This VN game has me thinking about how a visual novel might be presented in VR. Kudos on making it and submitting it to the jam! I understand it is still early, so here are some thoughts and points to consider on the VN system you're building:
Since reading is the main activity here, consider if there is a way to make it easier to read?
Because the text was center aligned, the text moves while the letters are being added in, and trying to read moving text is tough for these old eyes. If it was left aligned, the text wouldn't move around and just fill in instead.
Also, I'm a fast reader and don't have patience for text to slowly dribble in with the effect, I'd like to just skip to the whole text being revealed, with just a simple trigger press or a setting.
To advance the dialogue, currently the game is making the player have to point to a very small little forward icon. Is that even necessary? Could we just press or hold the trigger? How could we go back to a previous dialogue? (B button would be nice)

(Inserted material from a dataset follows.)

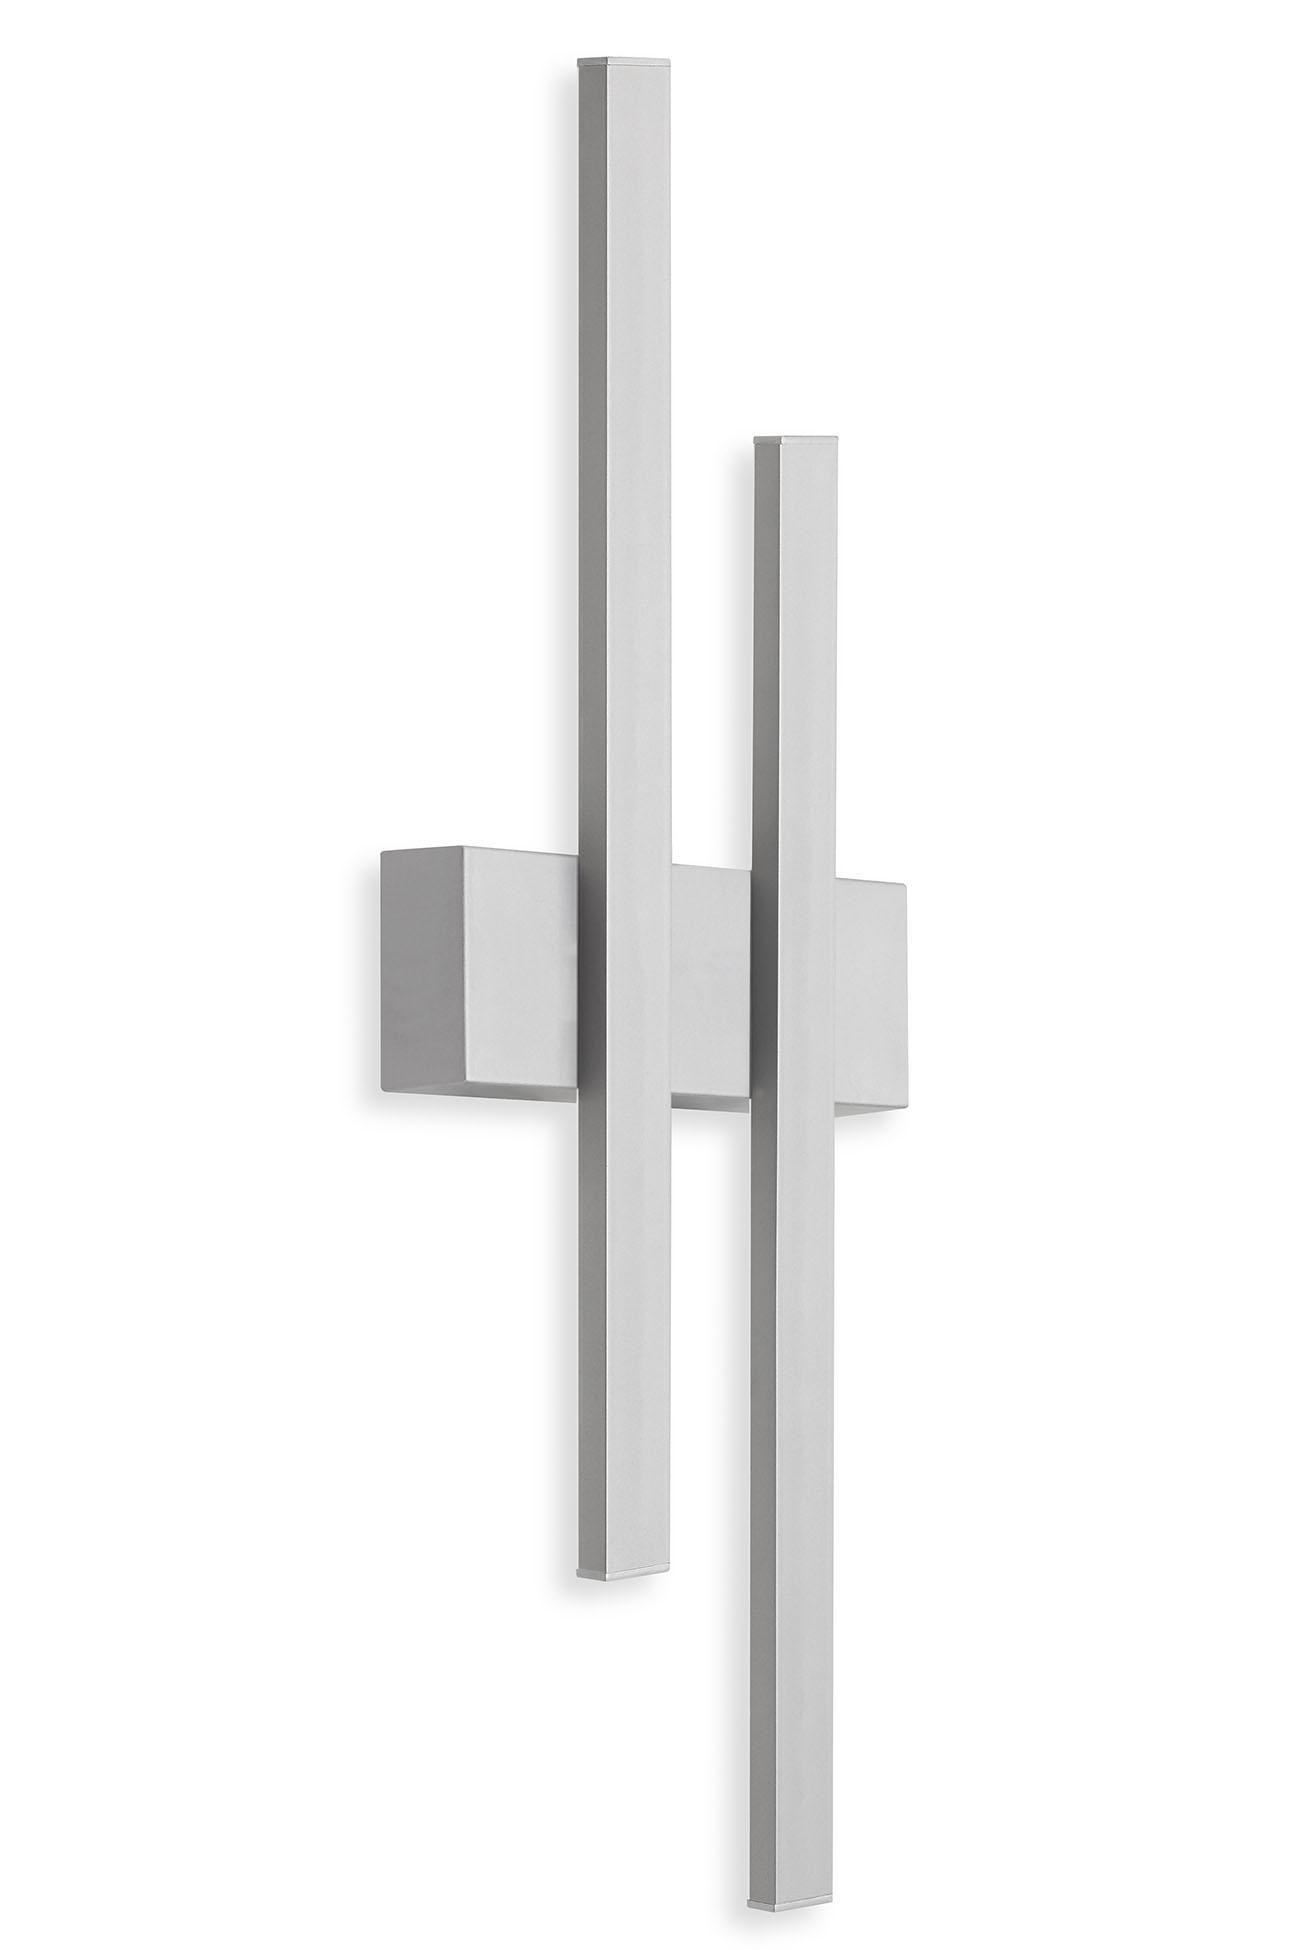 TELEFUNKEN LED Aussenwandleuchte, 47 cm, 8 W, Silber
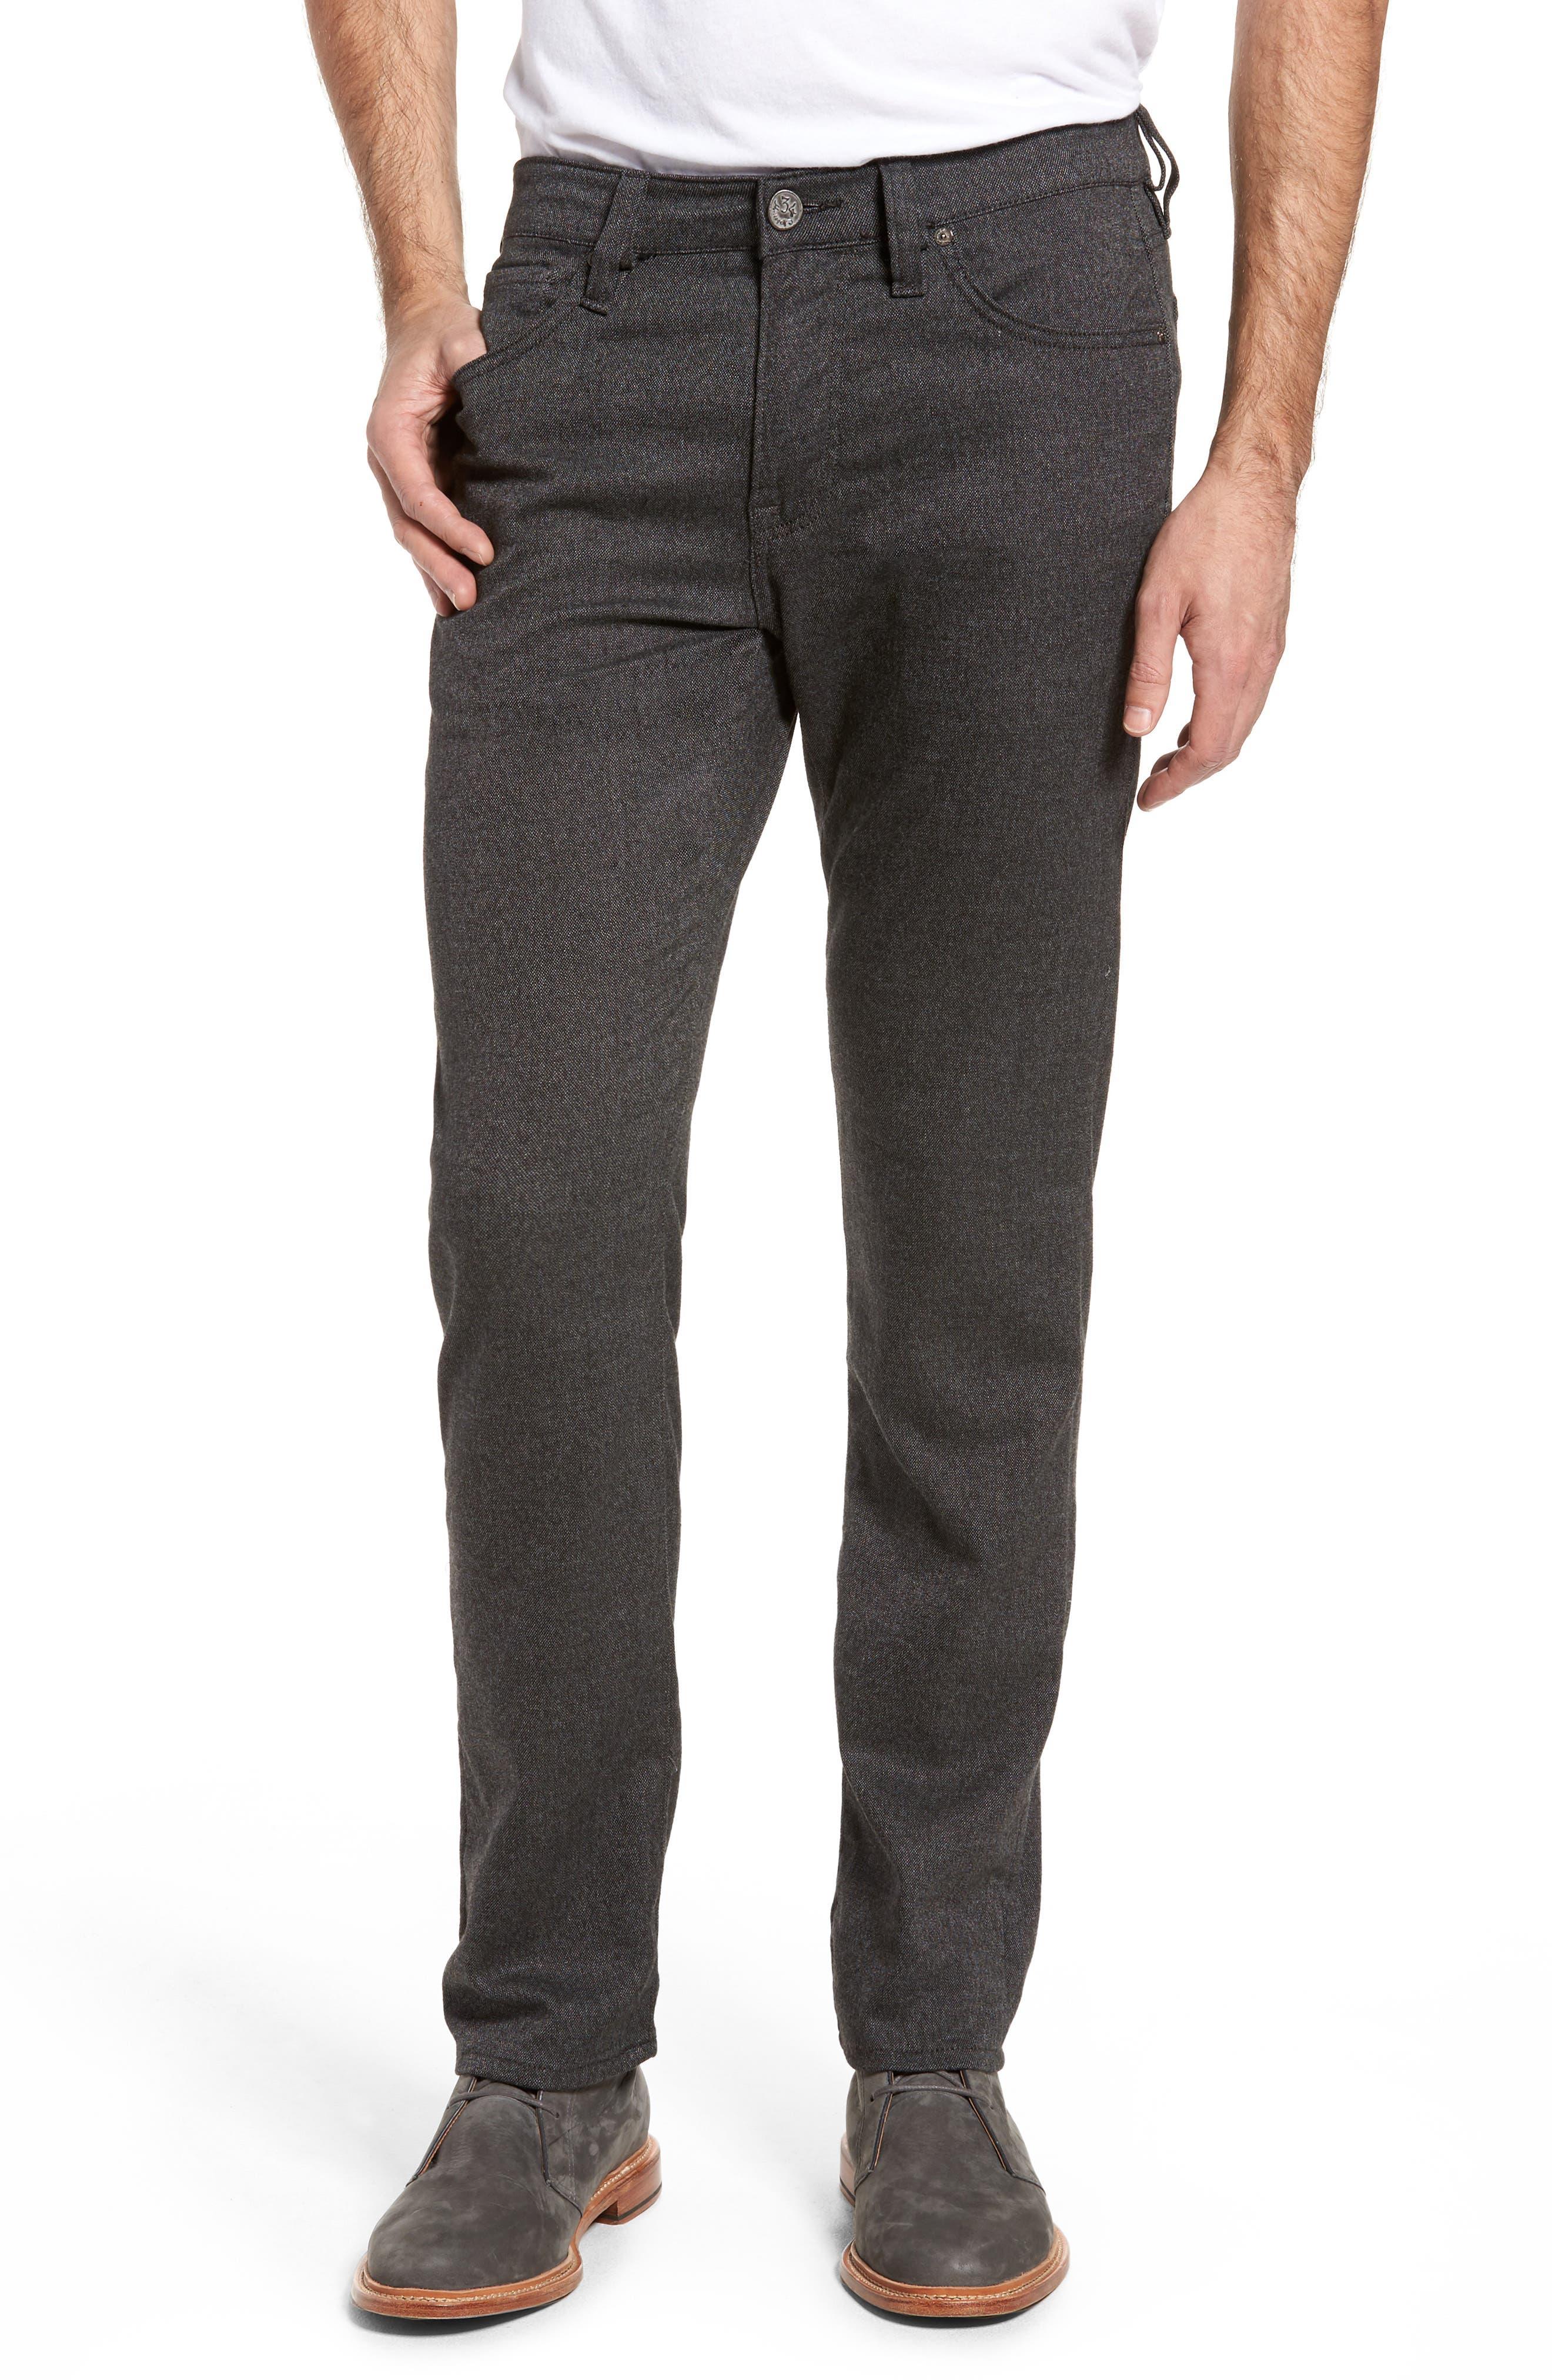 Courage Straight Leg Tweed Pants,                         Main,                         color, Grey Feather Tweed

Also, consider what ways you can really take advantage of this being in VR to make it a superior experience than what a simple flat visual novel reader would be. Right now, I'd have to admit that this experience would have been better and simpler as a simple flat visual novel. Why did this need to be VR (other than for the jam)? What value did VR really add to it and make it worth having a clunky headset on over a more comfortable flat VN experience looking at a monitor? What can you do to increase the value/experience to overcome the friction and cost of having this in VR? Maybe allow the reader to move around the space easily with some kind of locomotion? What if it allows you to see things from different angles? From different scales? Rewind/replay animations?
Have a look at an experience called "Eleven Eleven" on Oculus / SteamVR / Viveport. It's an example of a non-interactive experience really taking advantage of VR to experience things in a way that you wouldn't be able to otherwise to add a ton of value to the experience. It might spark some ideas?
I think you could really add some wow to your VN system if you dig a little deeper and think about how to really add value for the reader through VR.